The idea of a disease detective motivates her in understanding and tracking diseases and injuries across populations. Every day as an epidemiology student is different. Some days she’ll prepare research presentations or meet with local area health agencies. Other days, she’ll teach fellow college students, analyze data for a project she’s working on, or be out doing field work. 

But what’s most important to Massey as an epidemiologist is not forgetting the people behind the research she conducts. She was reminded of this lesson a few years ago, when she received a dataset she had been waiting for related to deaths in Washington state. That was also the day her grandfather died. She realized her grandfather would now be named in one row in that same death dataset going forward. 

“That was a really powerful thing to realize,” Massey said. “In epidemiology, we think a lot about the columns and how the columns relate to each other. I think it's important that we also realize that the rows are people, and the lived experience that goes with every single row is equally, if not more important, to reflect on. I think about that a lot when I'm doing my work.” 

The greatest health crises of our time 

Massey came to the University of Washington for graduate school in 2017 because she wanted to learn more about disease outbreak response and gun violence prevention. She had seen the film, “And the Band Played On” about the beginnings of the HIV/AIDS epidemic, which inspired her to be on the frontlines of the greatest public health crises of our time.  

After joining the UW School of Public Health’s Department of Epidemiology, she worked with Professor Janet Baseman on the Student Epidemic Action Leaders (SEAL) Team, where she gained applied epidemiology experience through field assignments at the state and local health departments.  

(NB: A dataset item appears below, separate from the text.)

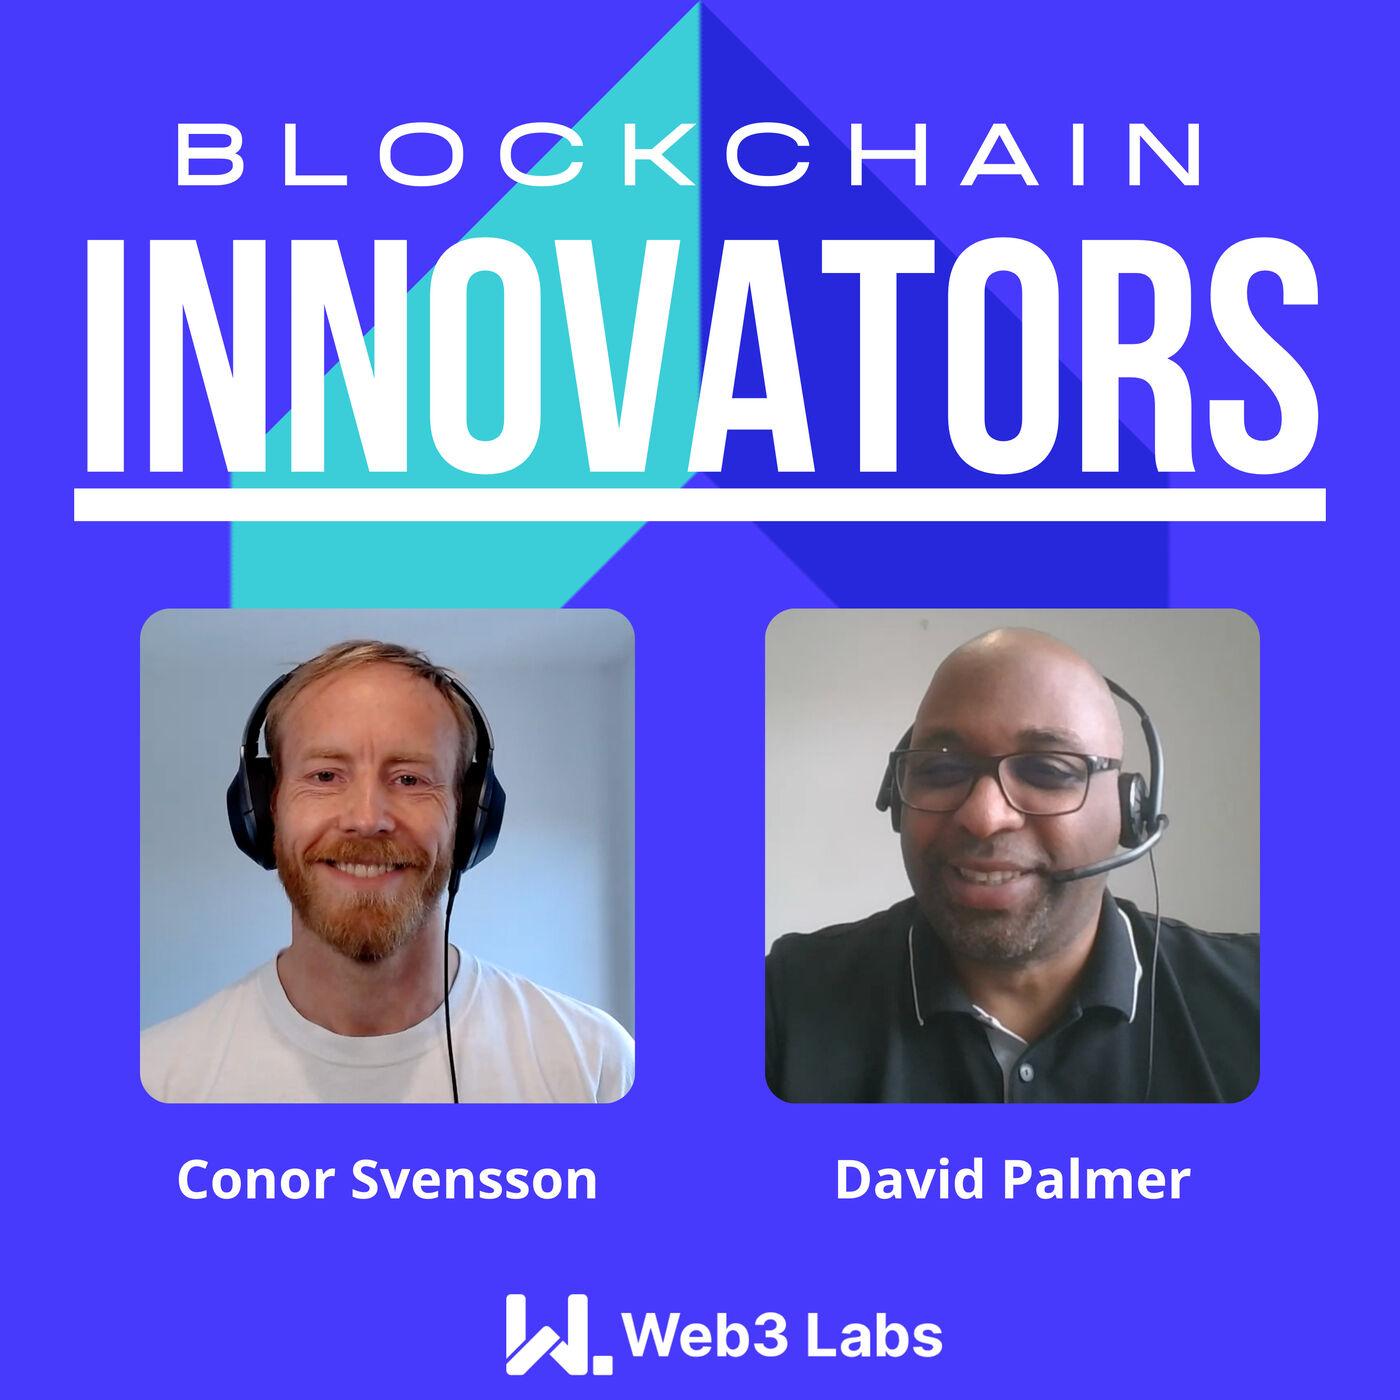 Blockchain Innovators with Conor Svensson and David Palmer
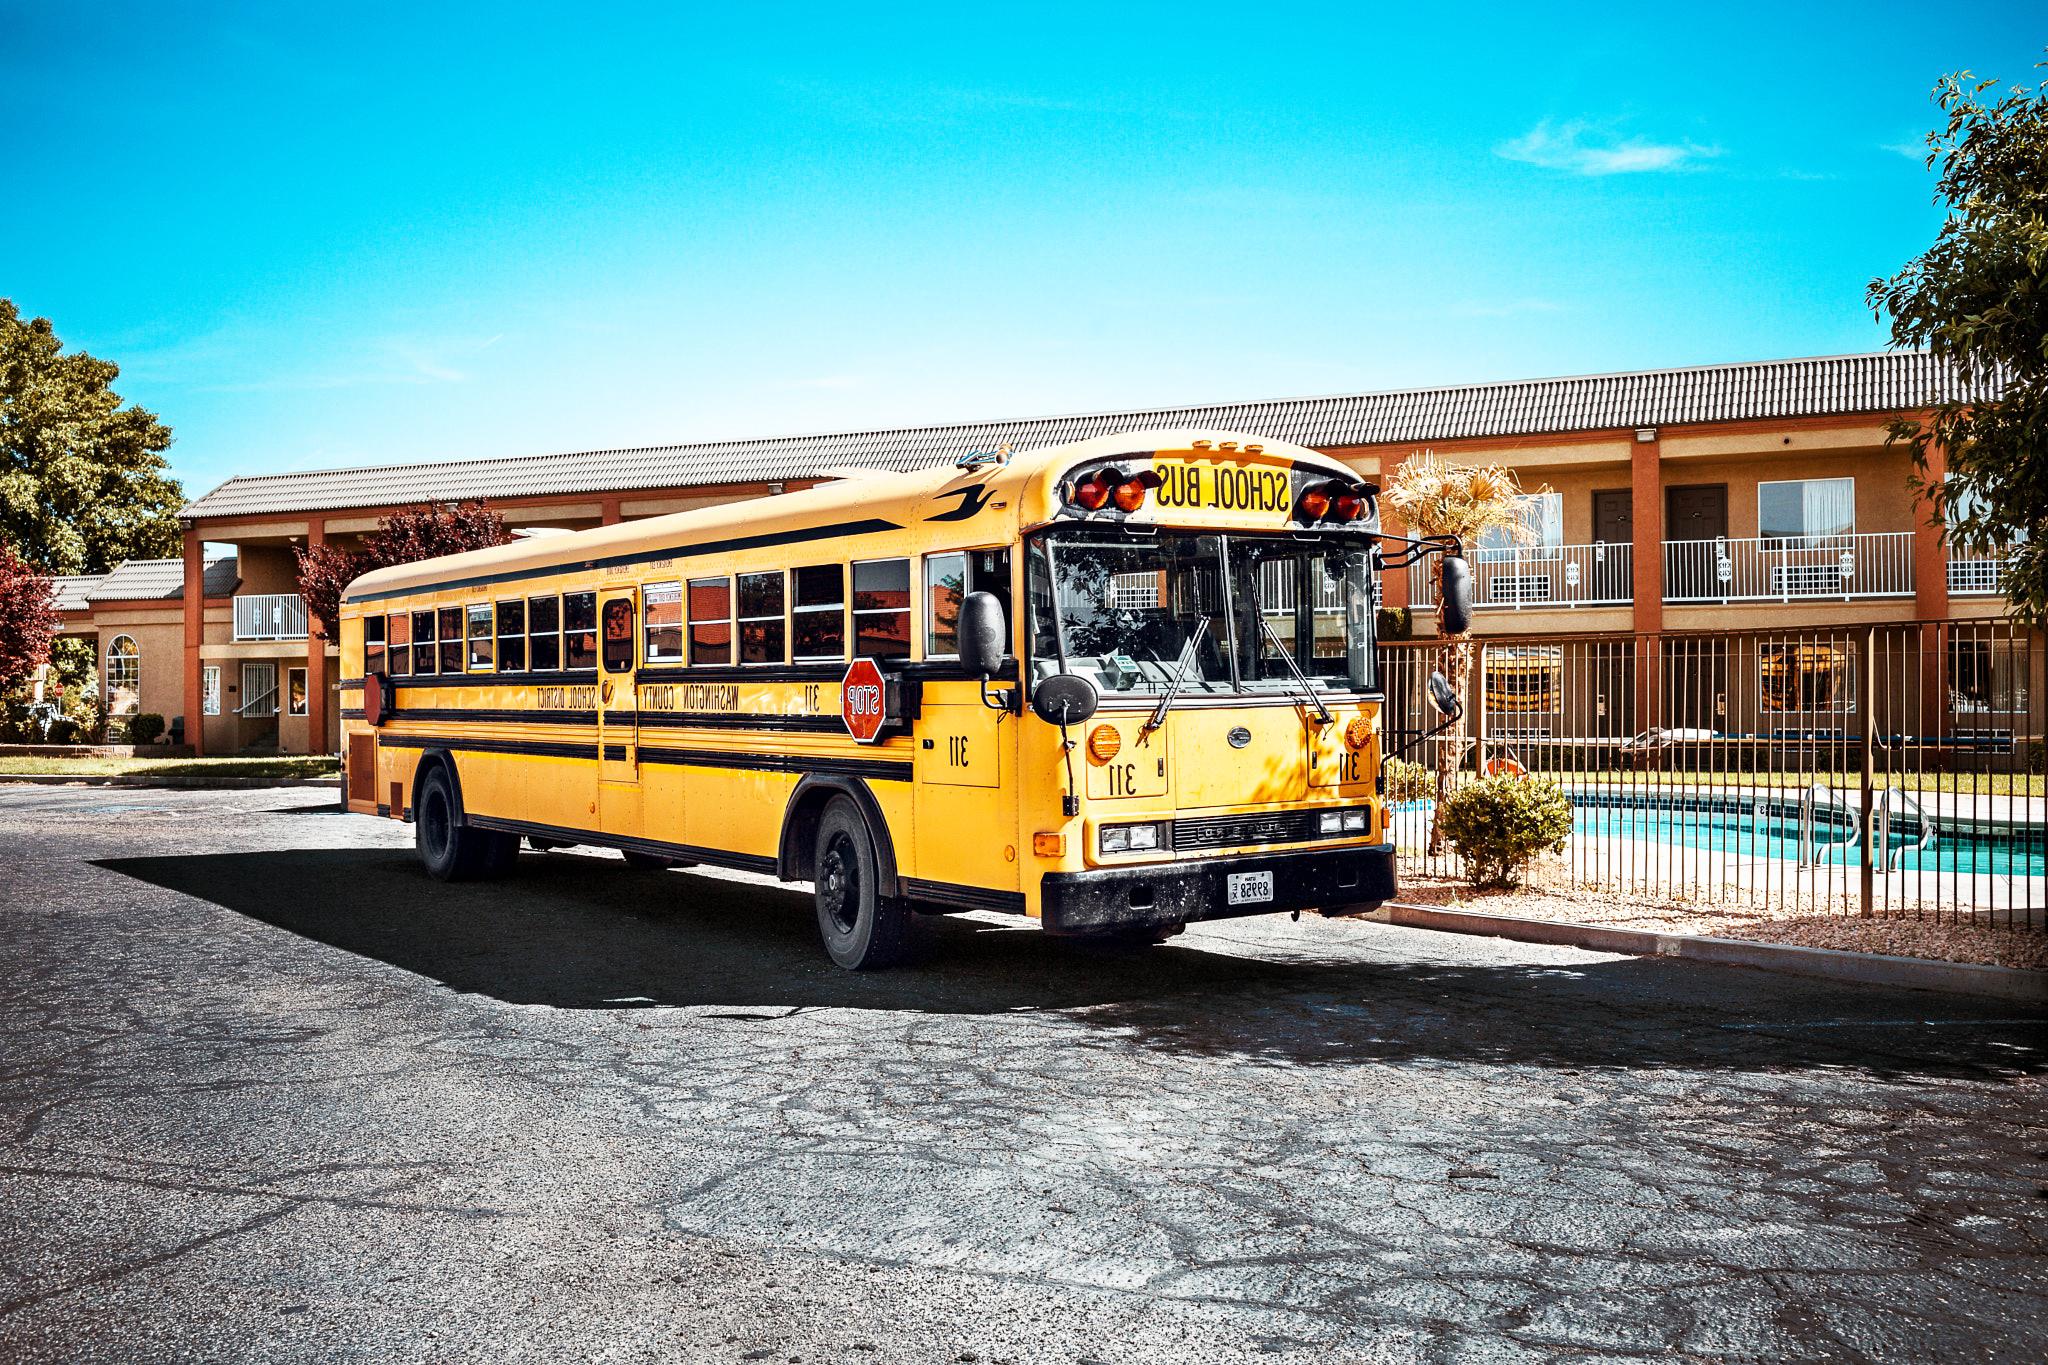 Schoolbus Wallpaper HD Worlds Greatest Art Site 2048x1365

She also worked with Epidemiology Professor Ali Rowhani-Rahbar on firearm injury prevention, which led to one of the largest analyses ever conducted on lethal means assessment — or understanding someone’s access to items that could cause harm, such as medication or firearms. While studying lethal means assessment at one of the busiest urban medical centers in the Pacific Northwest, Massey and the research team found under-documentation of these assessments in the patient charts they were reviewing. This pattern turned out to be part of an emerging national trend in a variety of settings across the United States. Their research led to the clinic adopting new practices to collect this data, which is critical for suicide prevention on both the individual and population level. 

Being able to work on research that had an immediate impact on her community motivated Massey to pursue her doctorate degree next and focus on another important health crisis of our time: suicide prevention. 

At Seafair festival events, Massey had many interactions with members of the military, where her research on suicide prevention would often come up, and evolve into vulnerable discussions.  

Through these conversations, Massey was reminded of the importance of relationships when it comes to understanding complex topics like suicide prevention. She was very moved by these discussions and continues to develop relationships, and in some cases friendships, with those she met in the US Coast Guard, US Navy, and Royal Canadian Navy during her time as Miss Seafair. 

“The stories that people shared and the way that they opened up about the things I work on was really powerful, in ways that have actually made me start rethinking what I might want to do when I graduate,” Massey said. 

While Massey doesn’t know exactly where her epidemiology career will take her, she says the tools she has learned as an epidemiologist will be useful for whatever new and emerging public health crises comes along. A child at the Seafair festival summarized it well, as they watched Massey drive by in her glittering seahorse tiara during the parade. 

“You can be a scientist and a princess?!” the child asked. 

“You can be anything you want to be,” a fellow onlooker said.